Mr David Trimble's year-long tenure as Northern Ireland First Minister is set to end at midnight tonight as one of his leading allies is poised to take over in a caretaker capacity.
Sir Reg Empey will not take the title, salary or trappings of the office, due to be vacated as the IRA fails to disarm within the deadline imposed by Mr Trimble, but his appointment will allow meetings of the power-sharing executive set up under the Belfast Agreement to continue.
Sinn Fein president Mr Gerry Adams said today the Ulster Unionist leader's "kamikaze politics" were not going to achieve his objective of IRA decommissioning.
The anticipated resignation of Mr Trimble, who travelled to northern France today for tomorrow's 85th anniversary of the Somme commemoration, will trigger an intensive period of negotiations.
There is a six-week "breathing space" for Mr Trimble either to be reinstalled or replaced before the North’s devolved government collapses.
A new round of negotiations begins next week, initially managed by Northern Ireland Secretary Dr John Reid, but the Taoiseach Mr Ahern and British Prime Minister Tony Blair are expected to get involved the following week.
With the tensions surrounding the loyalist marching season due to peak at Drumcree next weekend, the Taoiseach warned against allowing a political vacuum to develop during the "worst two weeks of the year".
Northern Ireland Enterprise, Trade and Investment Minister Sir Reg insisted today that Ulster Unionists would not return to government with Sinn Fein without IRA arms decommissioning.
He told BBC Radio Ulsterhis appointment was "a sticking plaster solution to allow time for negotiation".
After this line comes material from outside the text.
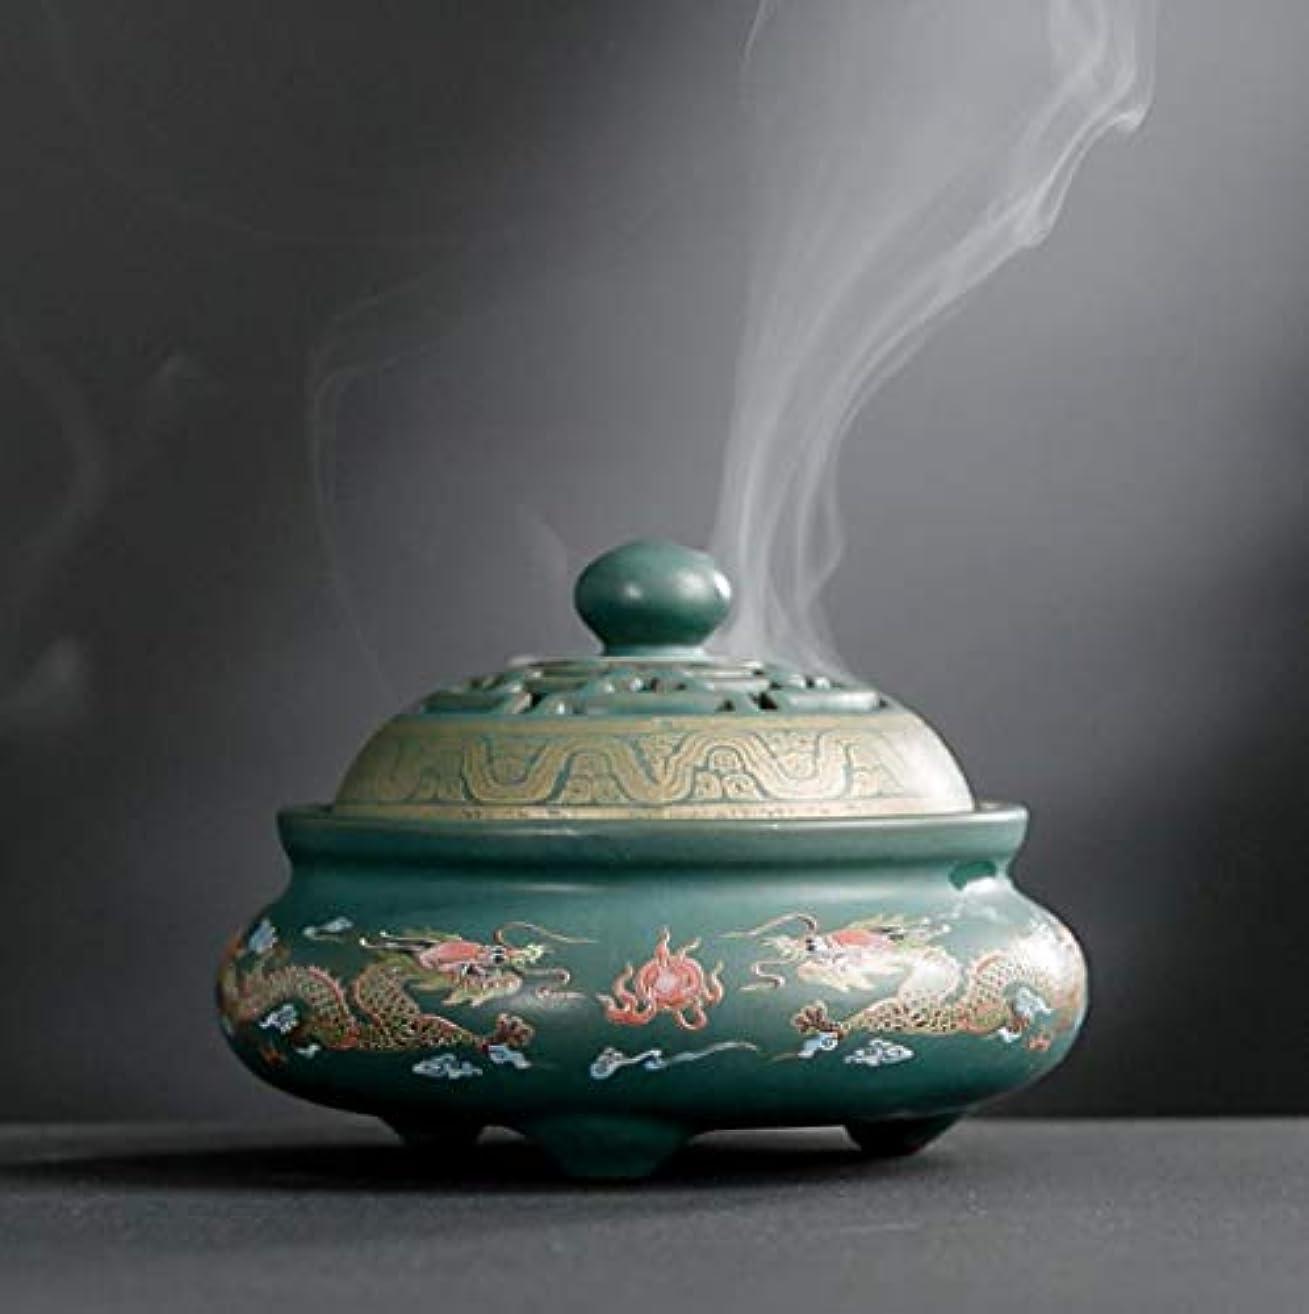 マラドロイト理解するはっきりしないYONIK 香炉 渦巻き線香ホルダー 蚊取り線香ホルダー 線香入れ 磁器 香皿 蓋付き 香立て付き 和風

Mr Adams, signing books in Dublin, said: "I don't want to see the institutions slipping but it isn't within my gift to prevent them if kamikaze politics is what is determining the Unionist approach to all this."
He said Mr Trimble had two objectives - devolution and decommissioning - adding: "It is obvious he isn't going to get decommissioning the way he is going for it and he mightn't even get devolution."
The onus was on Mr Blair to safeguard the agreement and he should not be "satisfied to be involved in ad hoc crisis management".
Dr Reid, who travelled with Mr Trimble to France, pledged that efforts would continue to try to keep political institutions afloat.
Mr Ahern said Minister for Foreign Affairs Mr Brian Cowen would meet Dr Reid next week and added: "We are trying to build ourselves into a negotiating position. To allow a vacuum to develop at this time of year would make it more difficult."
Meanwhile, Canadian General John de Chastelain is due to present his latest report on weapons decommissioning to the British Government this weekend, with its publication due to follow early next week.
Ulster Unionist Lagan Valley MP Mr Jeffrey Donaldson, a vocal critic of Mr Trimble's strategy until now, gave a gloomy forecast of the report and said he did not expect "any significant progress".